**DATA EXCERPT**

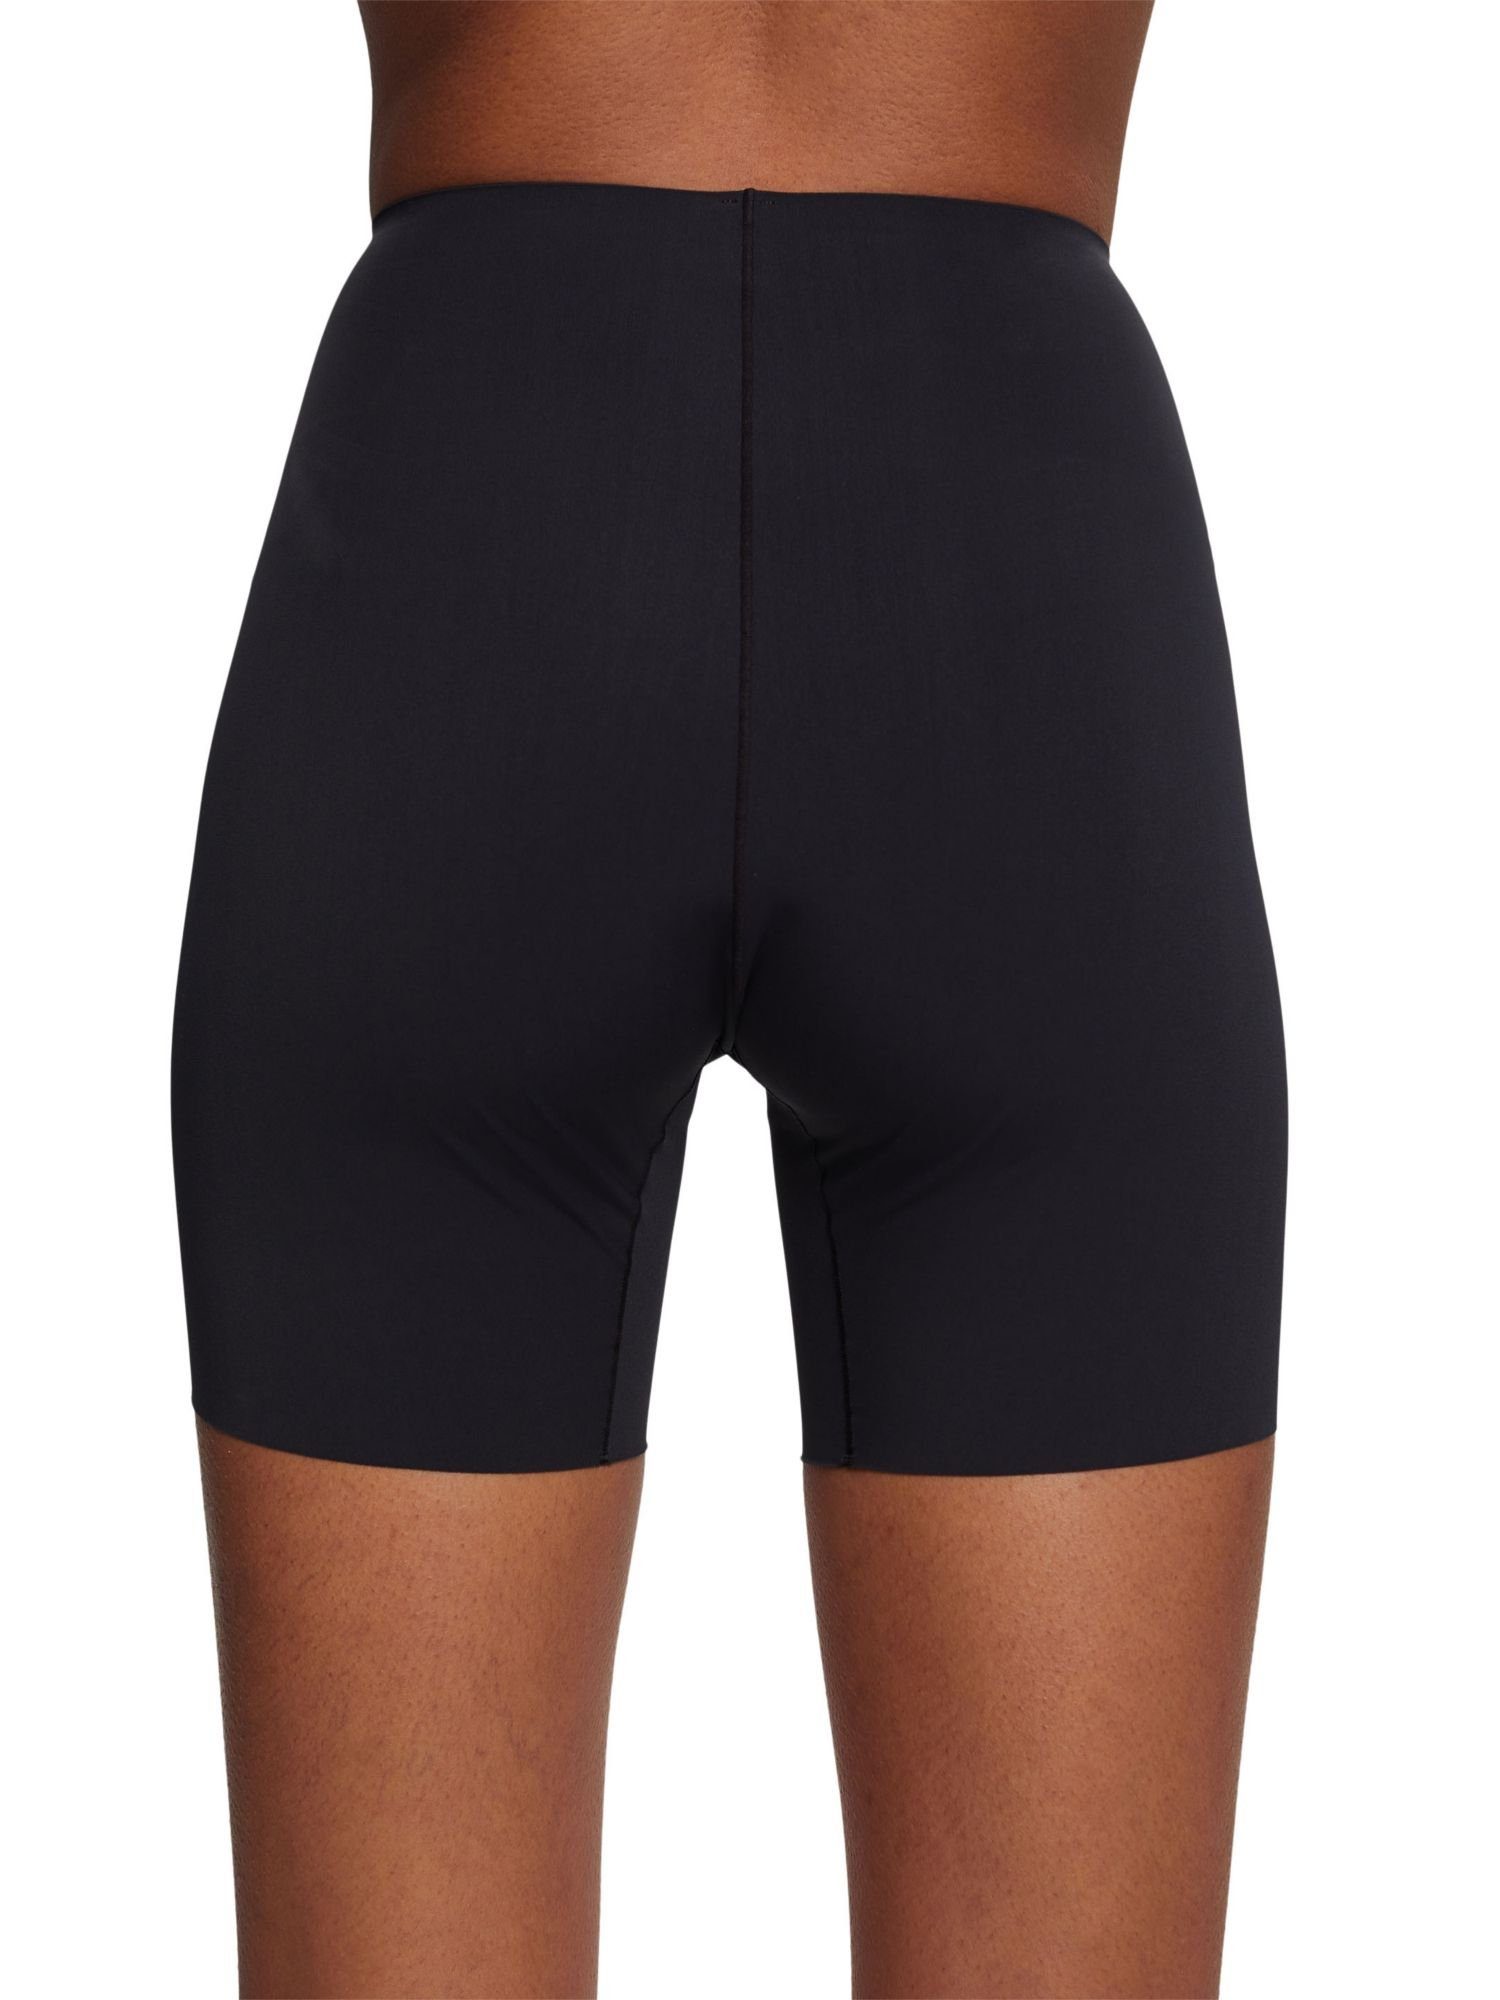 Esprit Hipster BLACK Shaping-Effekt mit dezentem Recycelt: Shorts
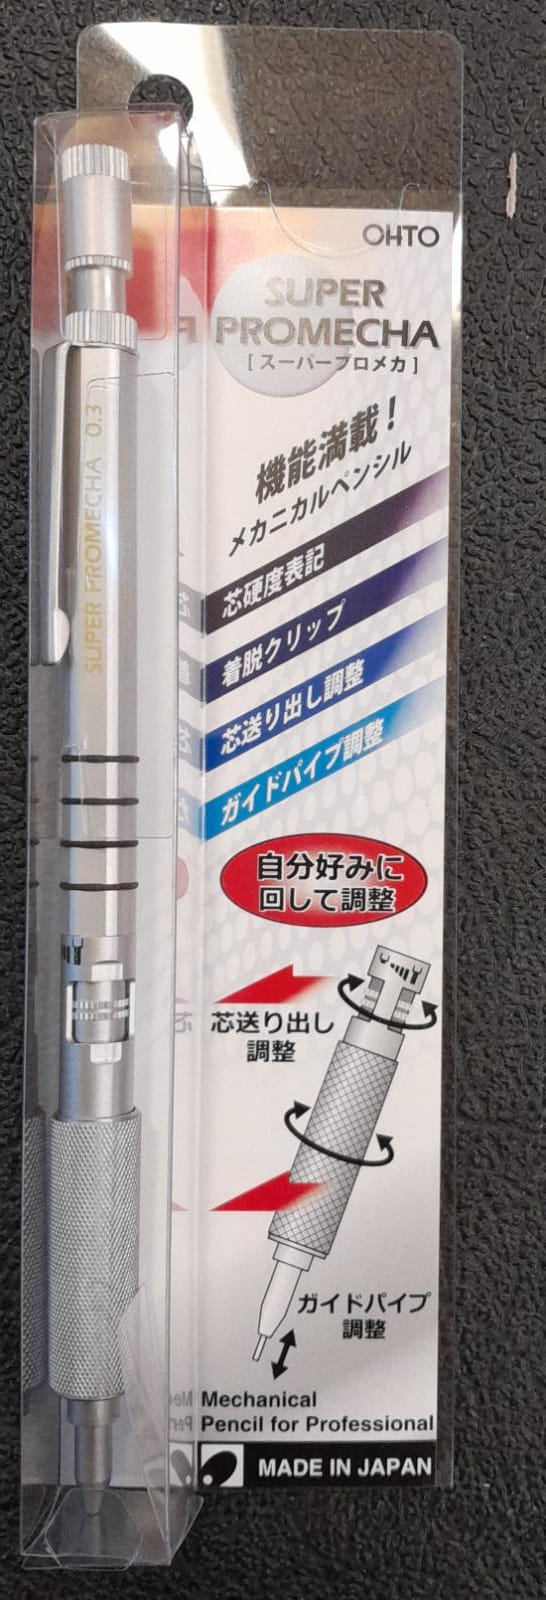 Ohto Super Promecha 1500P Drafting Pencil 0.3 mm
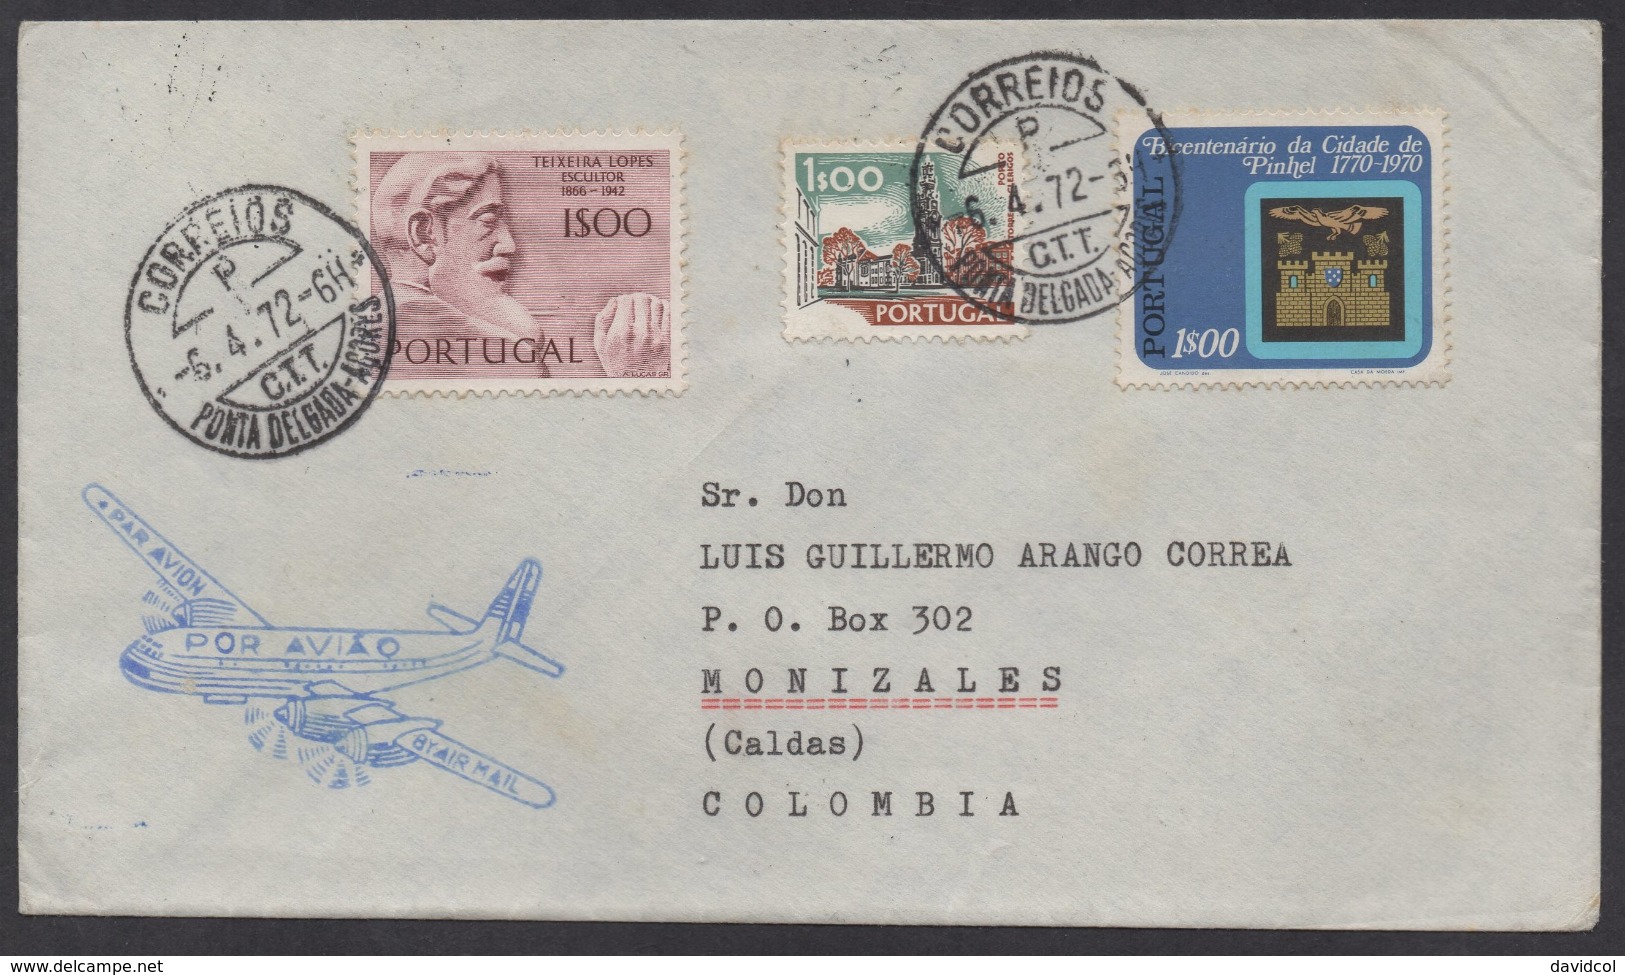 SA184- PORTUGAL-AZORES - 1972 - PONTA DELGADA 6-4-72 TO MANIZALES-CALDAS-COLOMBIA 12-IV-72 - Portugees-Afrika

**ABOUT THIS EXERCISE**
What is needed is an exact copy of the lines from the one with "Ohto Super Promecha" through the end of the data above, both included, minus any pictures.

**EXERCISE SOLUTION**
 Ohto Super Promecha 1500P Drafting Pencil 0.3 mm
 SA184- PORTUGAL-AZORES - 1972 - PONTA DELGADA 6-4-72 TO MANIZALES-CALDAS-COLOMBIA 12-IV-72 - Portugees-Afrika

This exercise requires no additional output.